Quand tout reprend son élan et son vol, quand les rêves et les tâches nous tiennent, avec les devoirs et leçons du quotidien, n’y a-t-il pas risque de nous perdre de vue? D’aller sans repères et sans boussole pour un voyage vertigineux? Jusqu’à en oublier de vivre? Pour avoir négligé cette douce et simple et essentielle attention à soi qui nous donnerait d’être heureux, attentifs et tout entiers présents, investis pleinement dans les relations que nous vivons.
L’Évangile de Marc, de dimanche en dimanche, nous invite au don de nos propres vies à l’autre. Un appel constant à l’humilité, à l’accueil de Dieu et des autres, jusque dans le service du plus petit. Comment faire pour que cette mise en oeuvre ne vienne pas nous détruire? Comment gérer ce paradoxe? Comment répondre à cet appel qui crée en nous une tension? Où nous sommes placés sous l’effet de deux requêtes apparemment incompatibles : être occupé de soi et se bien occuper aussi de l’autre? Comment tenir ensemble les deux orientations?
En fait, pour arriver à être avec les autres, utiles aux autres, ne nous faut-il pas d’abord vivre au cœur de soi? Vivre avec soi intensément pour être réellement avec les autres? Mais comment faire pour que les soins que nous nous donnons ne soient pas volés aux autres?

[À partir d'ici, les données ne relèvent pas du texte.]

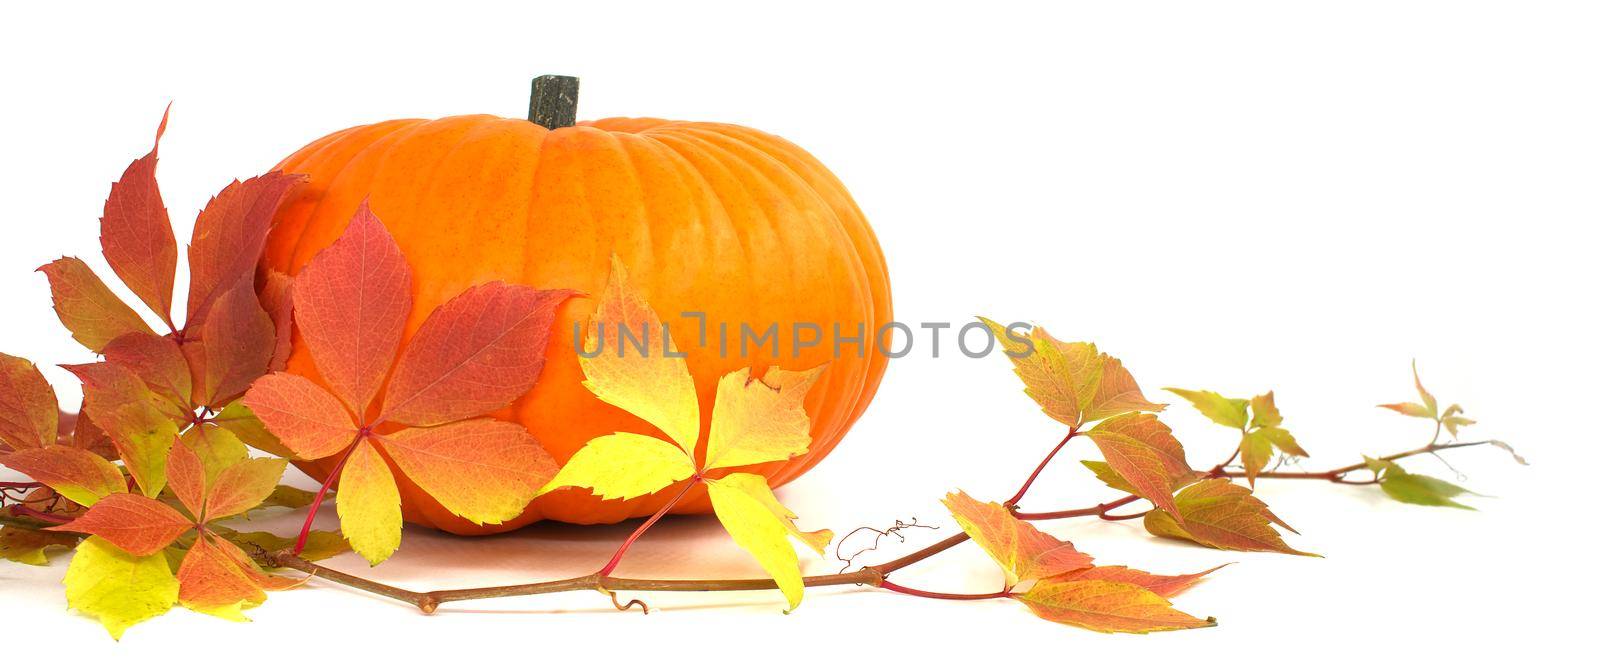 Thanksgiving, Halloween autumnal or fall banner by NetPix
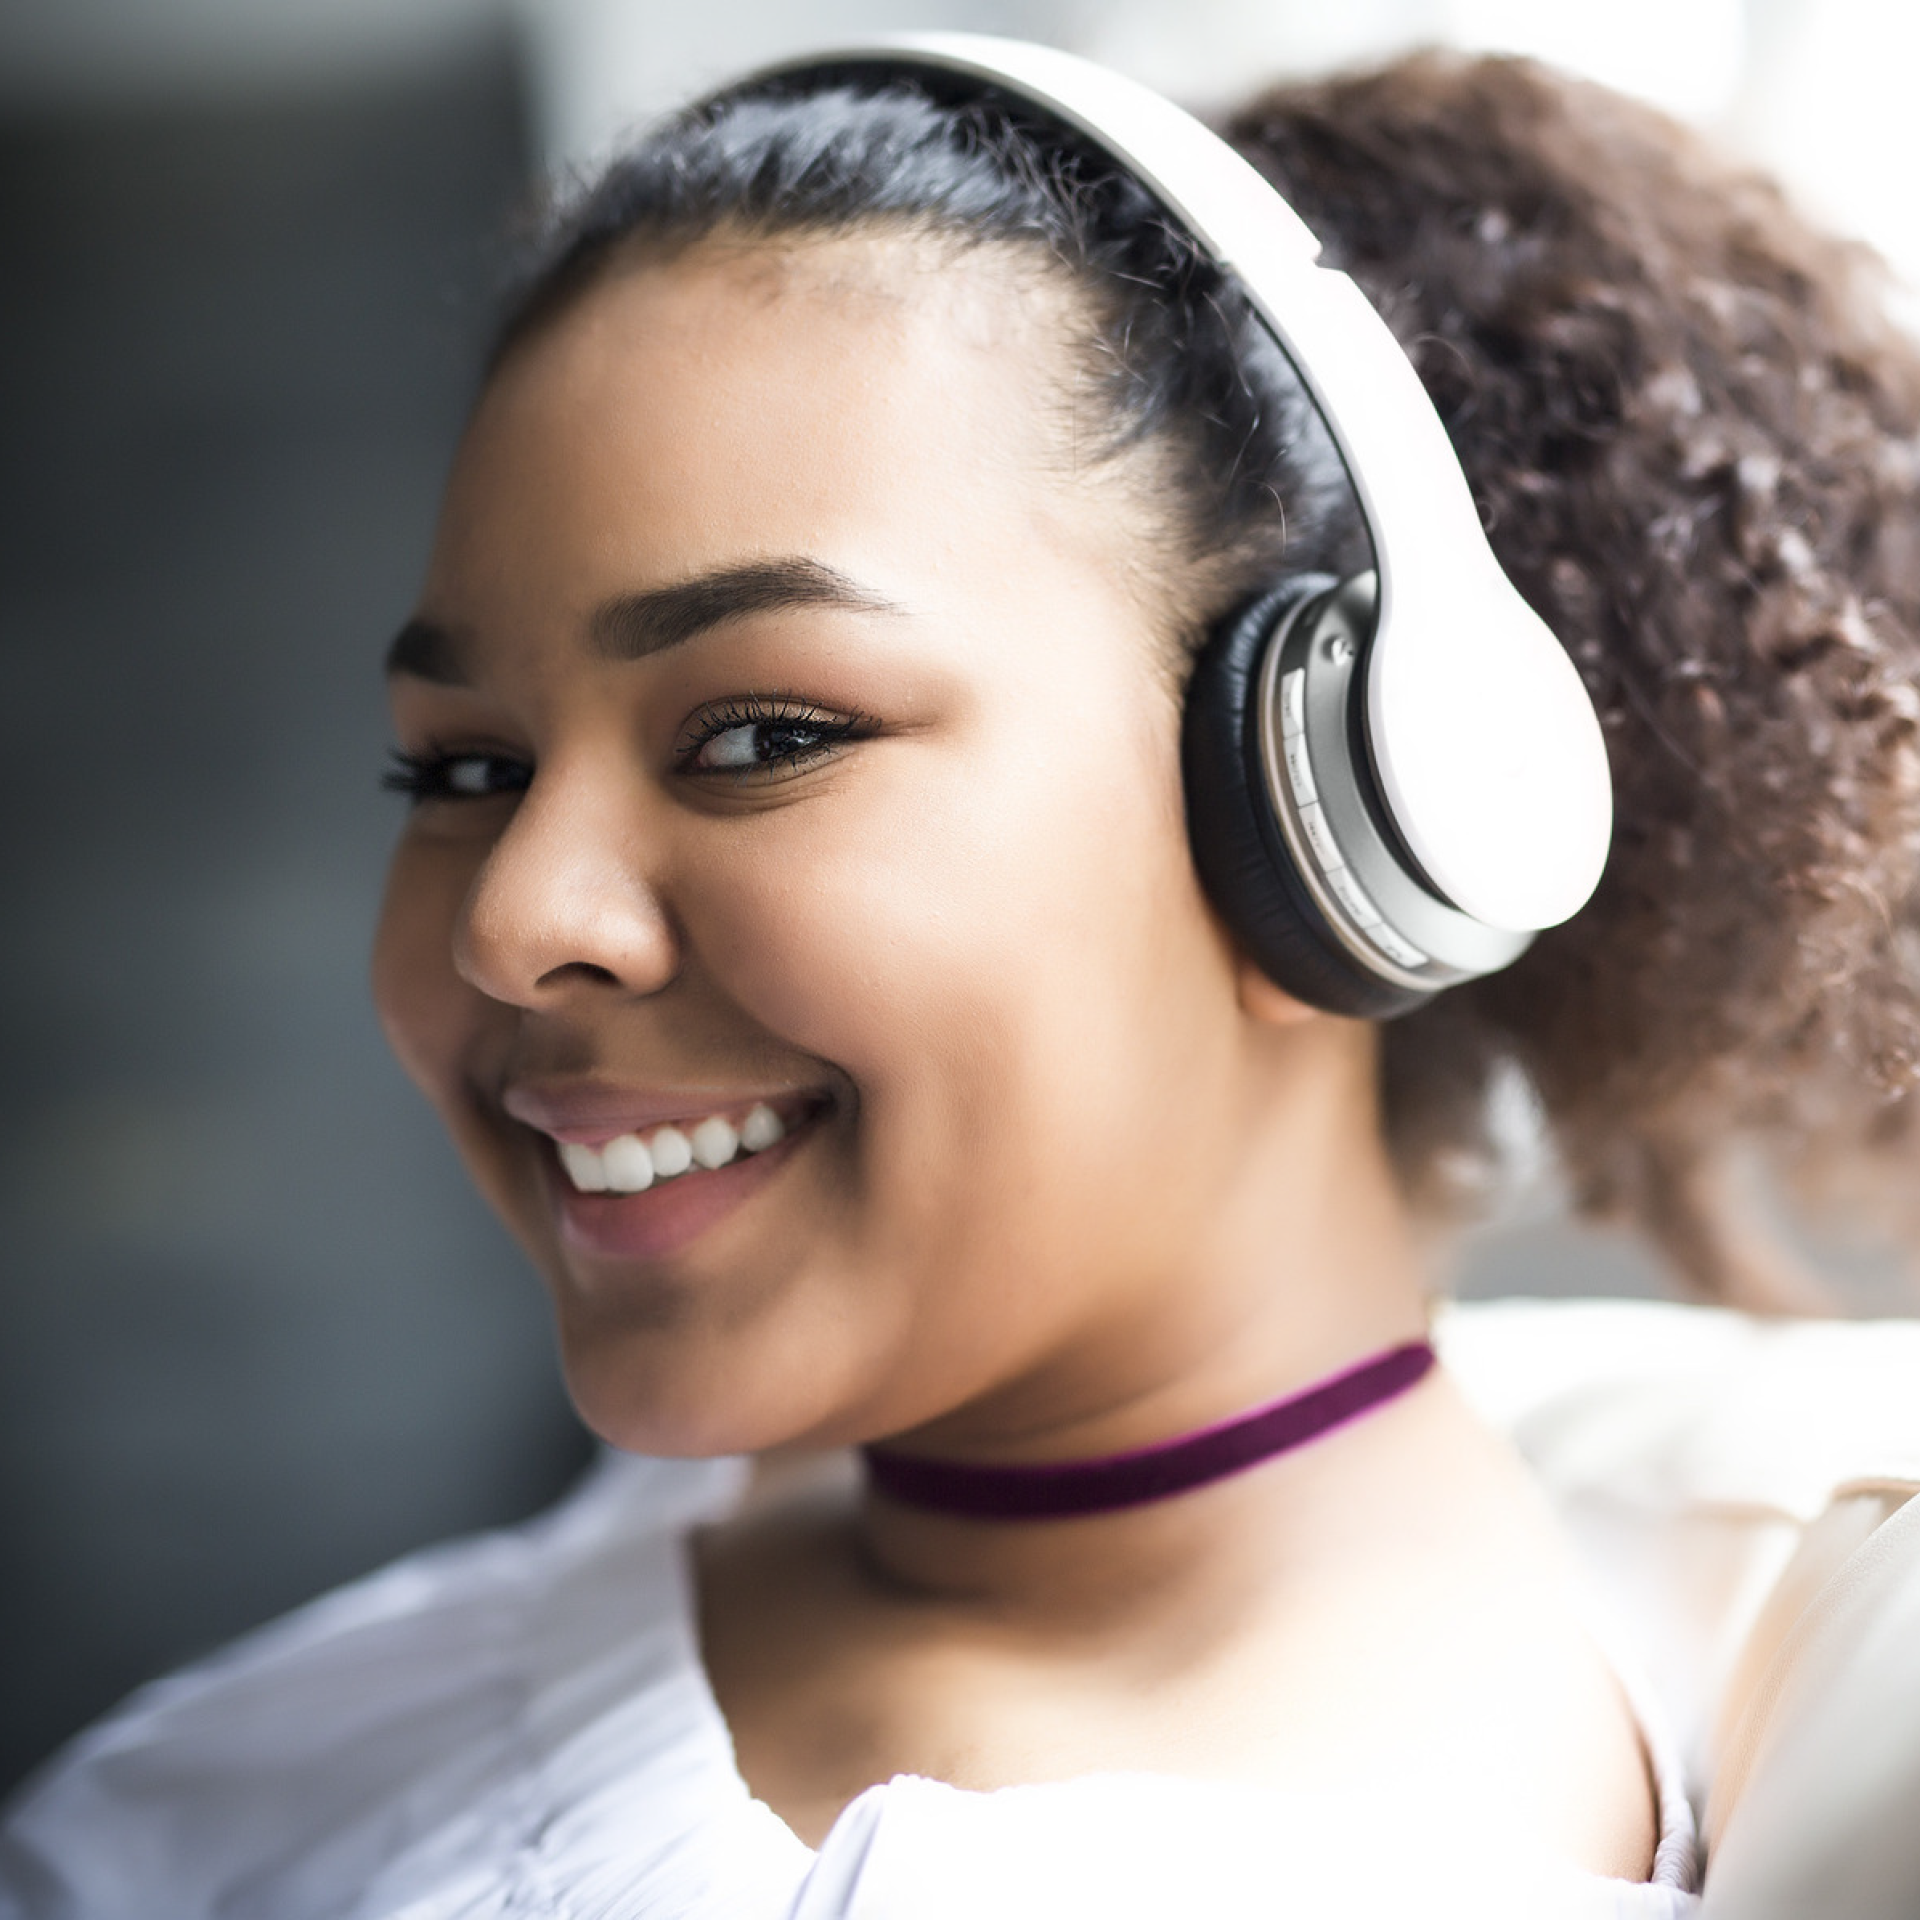 A young woman with headphones smiles happily

Et si c’était d’abord une affaire de discipline personnelle? Vivre une systématique et bien légitime réserve pour soi, du temps gardé pour soi, un espace protégé à maintenir à tout prix. En acceptant que certains lieux soient par nous seuls fréquentés. En recourant aux humbles et simples moyens que sont l’écriture, la marche, la méditation, le silence, le recueillement. En faisant l’indispensable effort de nous arrêter et de nous dire à nous-mêmes. Pour élaborer lentement un discours intérieur sur soi-même en appel de soi et de l’Autre. En vivant toute amitié offerte comme une grâce unique. Qui nous dise et nous fasse nous retrouver. Qui nous apprenne le secret de l’autre et lui livre le nôtre. La fidélité à de vieilles amitiés ne fait-elle pas des liens en nous qui nous empêchent de nous perdre dans l’instant d’une nouvelle rencontre, qui nous font garder le fil de notre histoire, au profit d’une conscience plus vive de notre cheminement personnel et d’une intériorité plus habitée. Pour qu’enfin nous puissions totalement nous projeter dans la rencontre. Pour accueillir l’autre en soi. Et nous donner totalement à lui jusqu’à nous perdre… et nous retrouver en plus parfaite communion avec la Vie dans l’Amour.
Jacques Marcotte, o.p.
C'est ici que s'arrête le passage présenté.